I haven’t kept count, but I’d estimate about 1/25 of my data DVDs fail. I burn most of my DVDs on PCs, with Sony burner, Taiyo Yuden DVD-R blanks, RecordNow Deluxe software (which I suspect is the weak link, since it often necessitates a reboot after working). Oddly, my results burning video DVDs are much better, perhaps because I use .iso image files and DVD Decrypter for those.
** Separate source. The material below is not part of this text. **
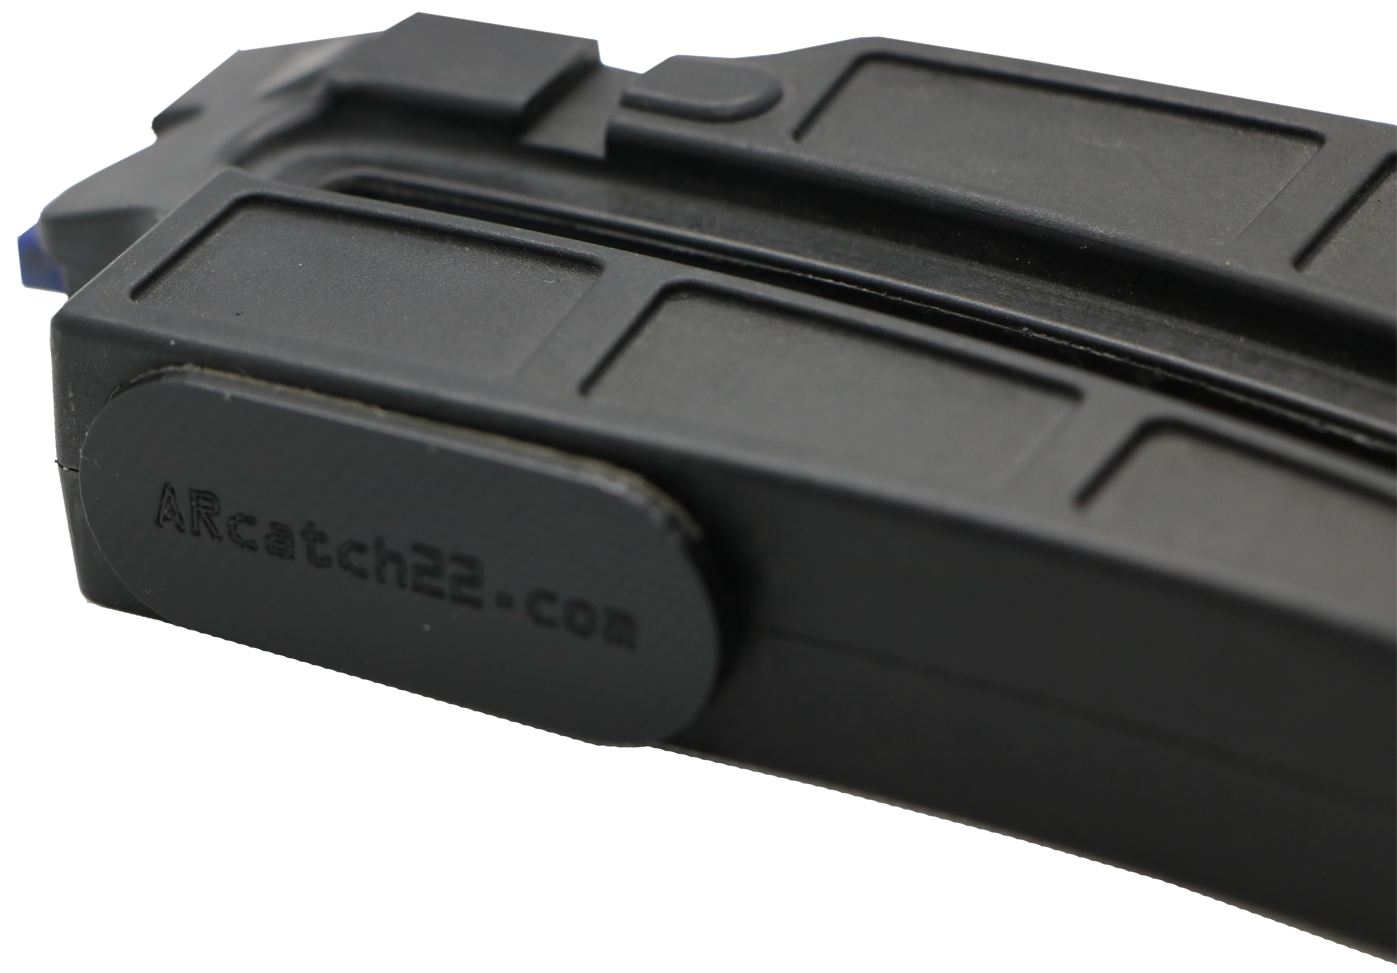 FOR USING S&W 15-22  <br>MAGAZINES IN YOUR AR-15

The main problem with DVDs is low capacity. That’s why I’d really like to hear a good solid recommendation for LTO tapes. It is not sensible, imho, to go tapeless, until the archiving process gets cheaper and more reliable.
MacPro 2 x 3GHz dualcore; 10 GB 667MHz
Kona LHe
Sony HDV Z1
Sony HDV M25U
HD-Connect MI
Betacam UVW1800
DVCPro AJ-D650 -
Bill Bilowit
December 27, 2007 at 2:04 amWe have gone about 75% tapeless, and for all its thrilling production convenience there is certainly the added inconvenience of archiving huge amounts of file data.
LTO is expensive, Blu-ray has too little capacity, and cheaper methods are slow and less reliable (as always). As tapeless production workflow expands, users demand more affordable and faster archiving solutions. Market forces in this business usually always capitalize on growing demands.
Meanwhile it’s a balance between front-end workflow productivity / efficiency, and back-end job revision likelihoods / archiving. For the jobs with limited budgets, the front end gets the most attention.